■ ASSIGNED TASK
From the line containing "Parlamento reanuda actividad" to the line containing "Νεράιδα: Το χωριό" in the records below, set down every line exactly as it stands, both ends included, and skip the pictures.

■ EXERCISE DATA
* * * * * * * * *

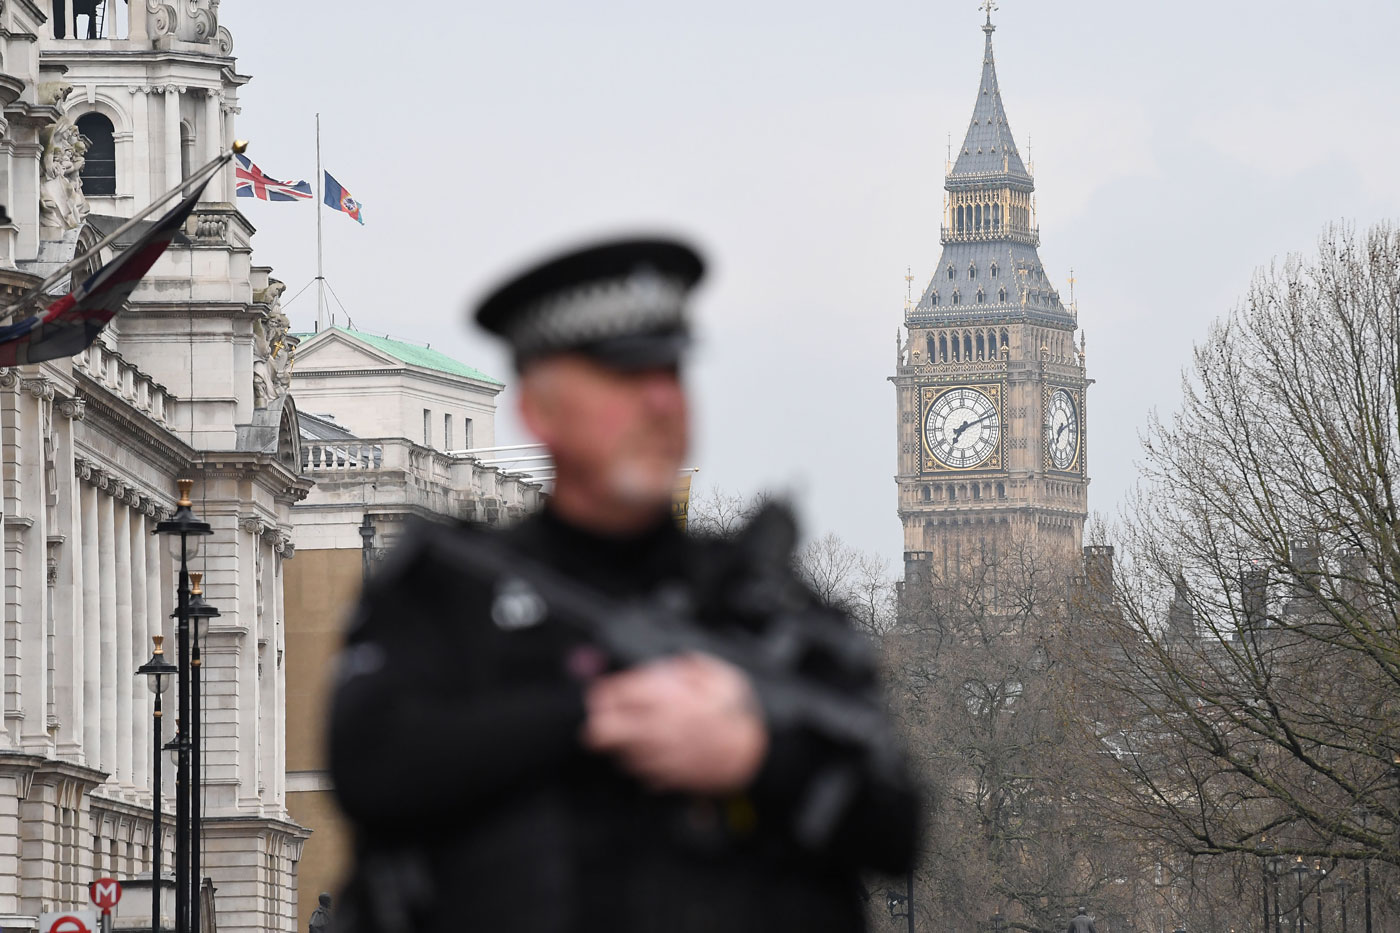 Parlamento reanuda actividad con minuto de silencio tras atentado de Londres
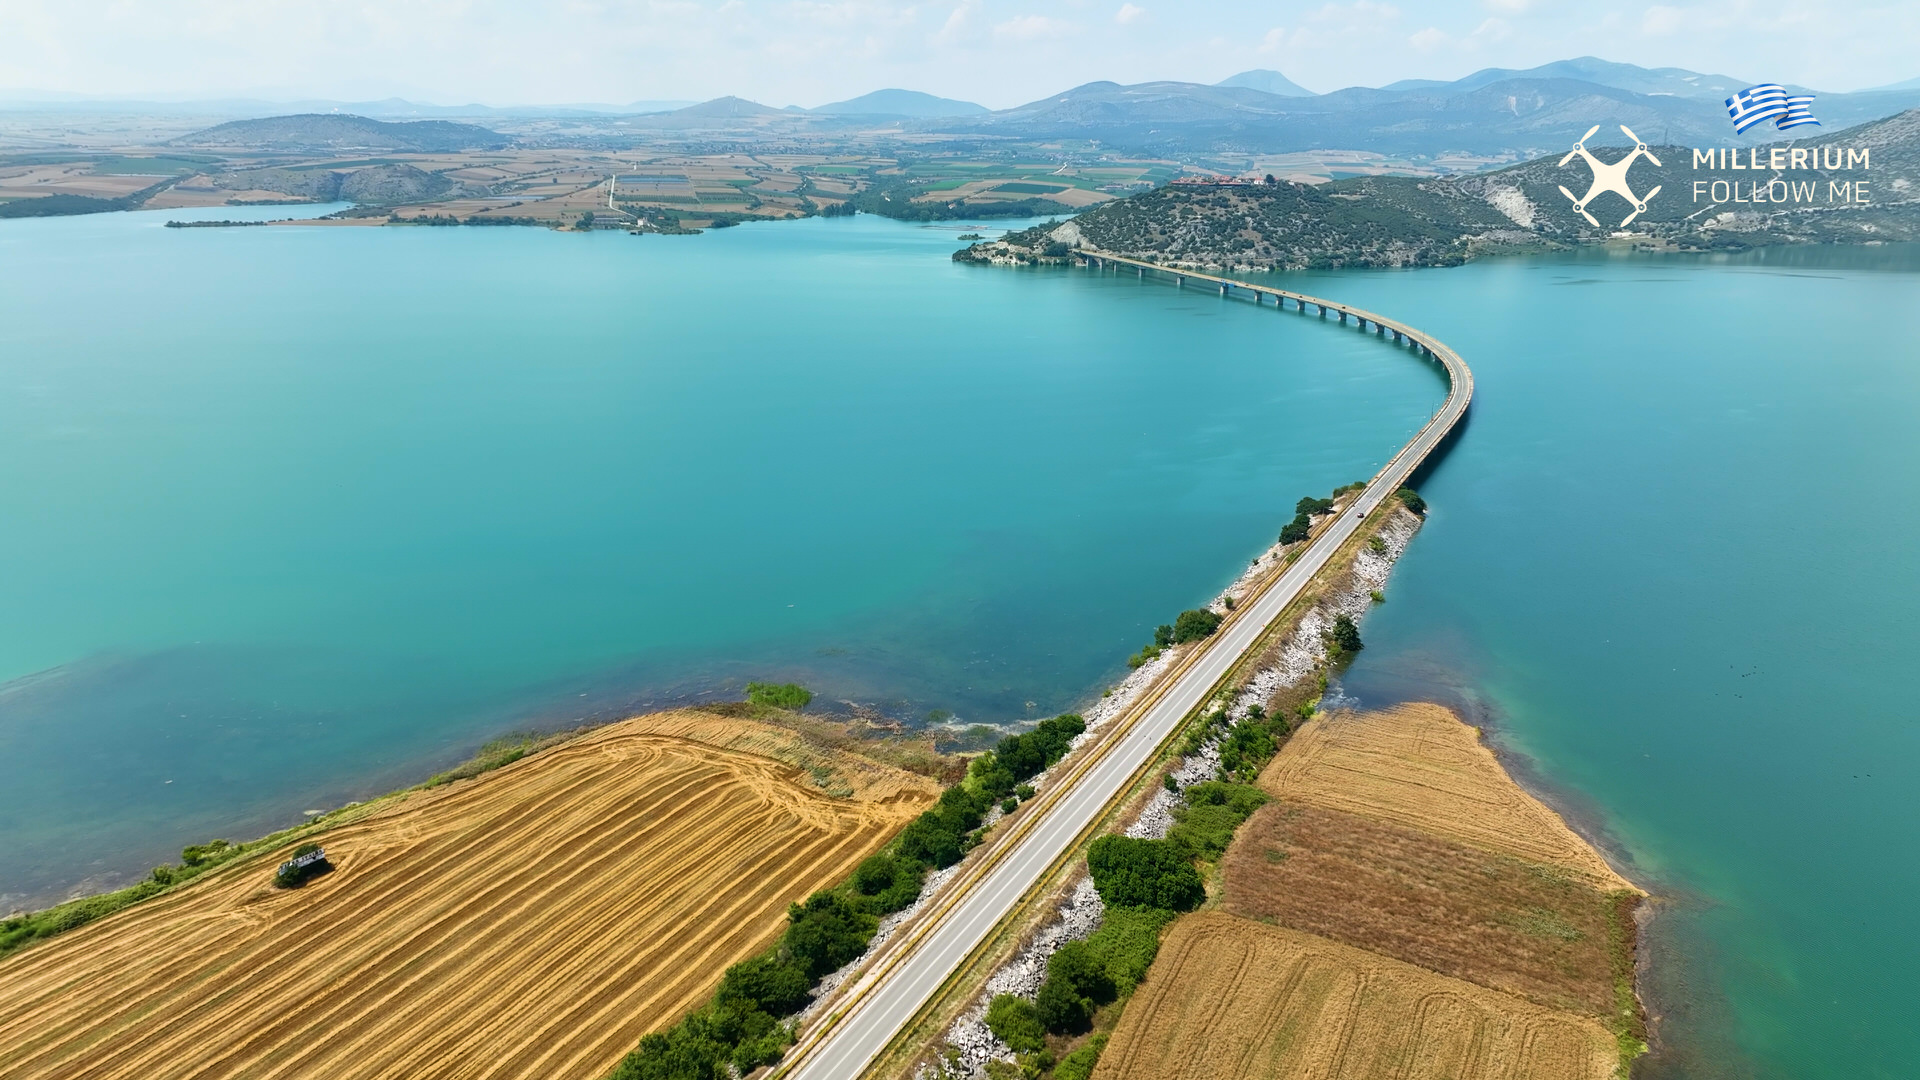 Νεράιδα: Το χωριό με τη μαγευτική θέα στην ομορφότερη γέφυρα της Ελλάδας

* * * * * * * * *

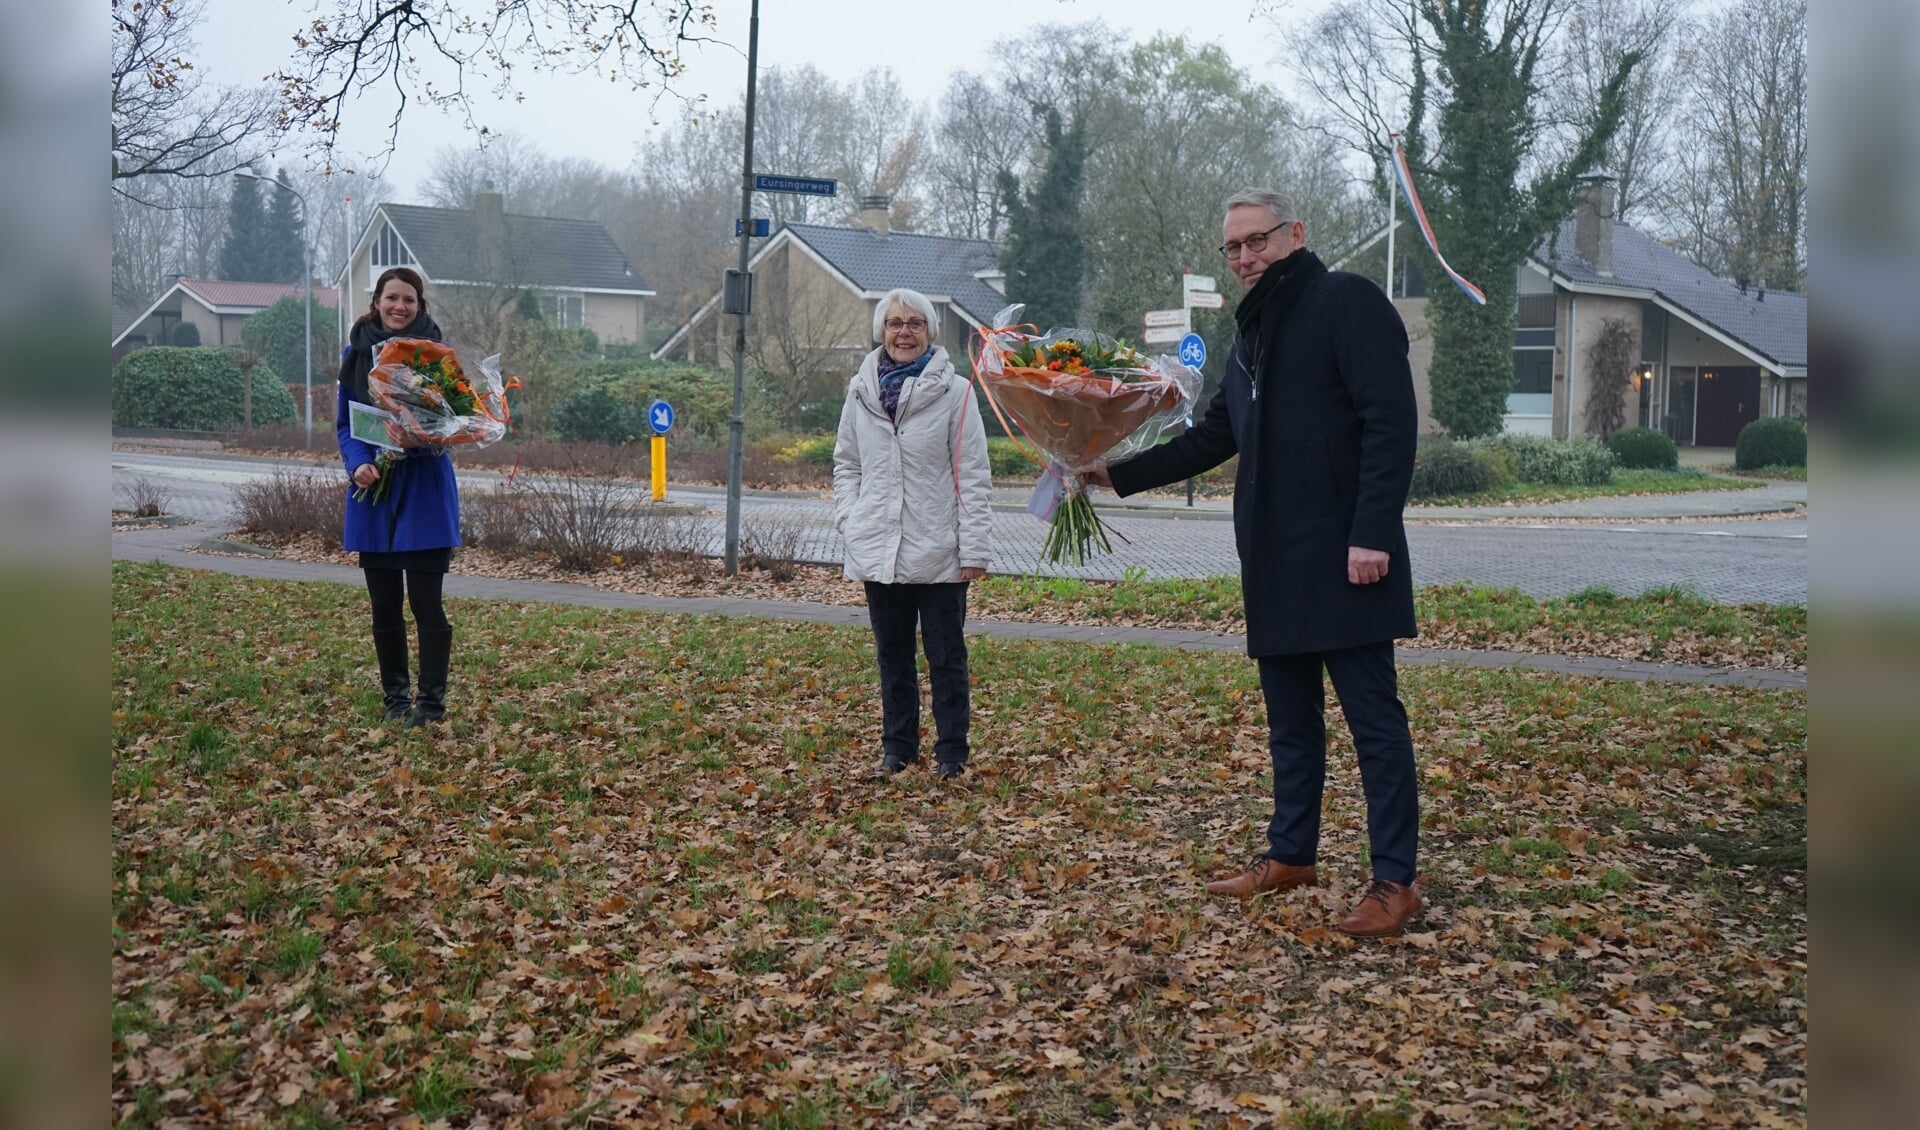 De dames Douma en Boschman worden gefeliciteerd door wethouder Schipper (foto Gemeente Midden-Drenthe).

* * * * * * * * *

■ EXERCISE OUTPUT
 Parlamento reanuda actividad con minuto de silencio tras atentado de Londres
 Νεράιδα: Το χωριό με τη μαγευτική θέα στην ομορφότερη γέφυρα της Ελλάδας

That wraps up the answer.